Carl Gustav von Sengbusch's importance, however, lies more in the cultural-historical context. As a collector and patron, he made a special contribution to the Cathedral Museum in Riga. From 1890 he was a member of the Museum Council for the Arms of the Middle Ages. The exhibition room of the arms collection of the cathedral museum was named after him Carl Gustav von Sengbusch-Saal . The Empire Room and the reorganization of the prehistoric collections by the Berlin prehistorian Max Ebert (1913/1914) were also funded by him. Sengbusch was honored in 1913 with a marble plaque in the conference room of the museum. Sengbusch was a museum inspector in Riga from 1901 to 1924 and one of the directors of the picture gallery in Riga from 1890 to 1924.
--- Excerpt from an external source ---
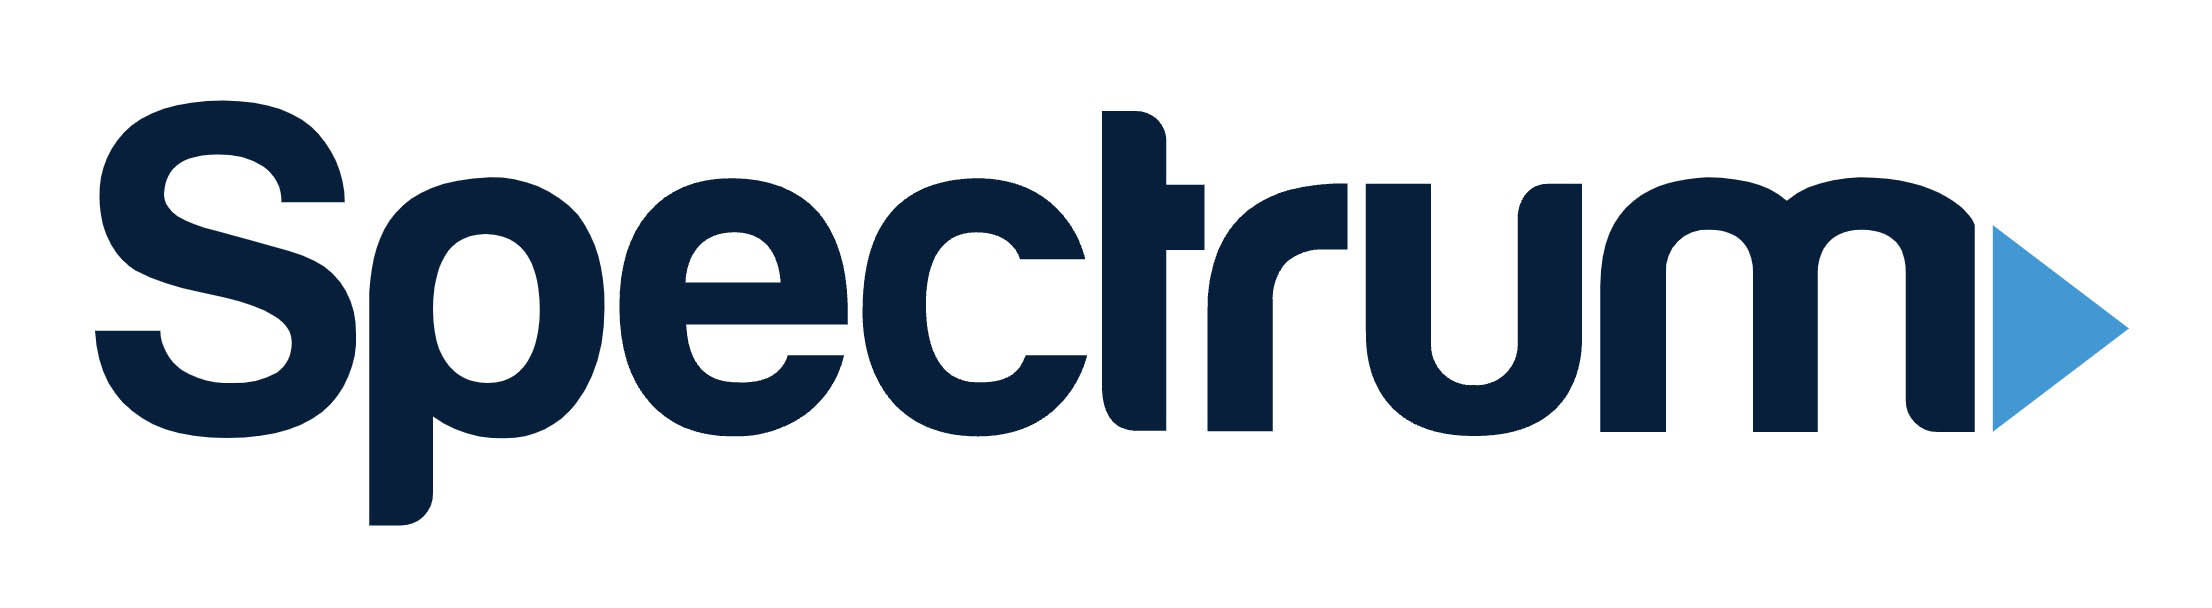 Spectrum logo lrg

His father Wilhelm von Sengbusch had received a large art collection of over two hundred paintings from his father-in-law, the Riga merchant Friedrich Wilhelm Brederlo (1779–1862). Brederloh's will from 1852 stipulated that the collection of his daughters, administered by his son-in-law Wilhelm von Sengbusch, would remain "undivided in its existence" and linked to Riga, otherwise it would be offered to the city of Riga. When the Art Museum in Riga opened in 1905, the entire collection was taken over as a permanent loan from the von Sengbusch family and was henceforth a central part of the painting collection of this museum (today in the Museum of Foreign Art (Riga) ). The von Sengbusch family was expelled from the Baltic States in 1940 on the basis of the German-Soviet border and friendship treaty ; when she was forced to resettle in 1940, she was allowed to take seven of the paintings with her. The remaining items in the collection were then transferred to Latvian state property by the government under Kārlis Ulmanis .

literature

  • Daiga Upenice, Werner von Sengbusch: Friedrich Wilhelm Brederlo Collection (in Latvian and German), 248 p., Riga 2002.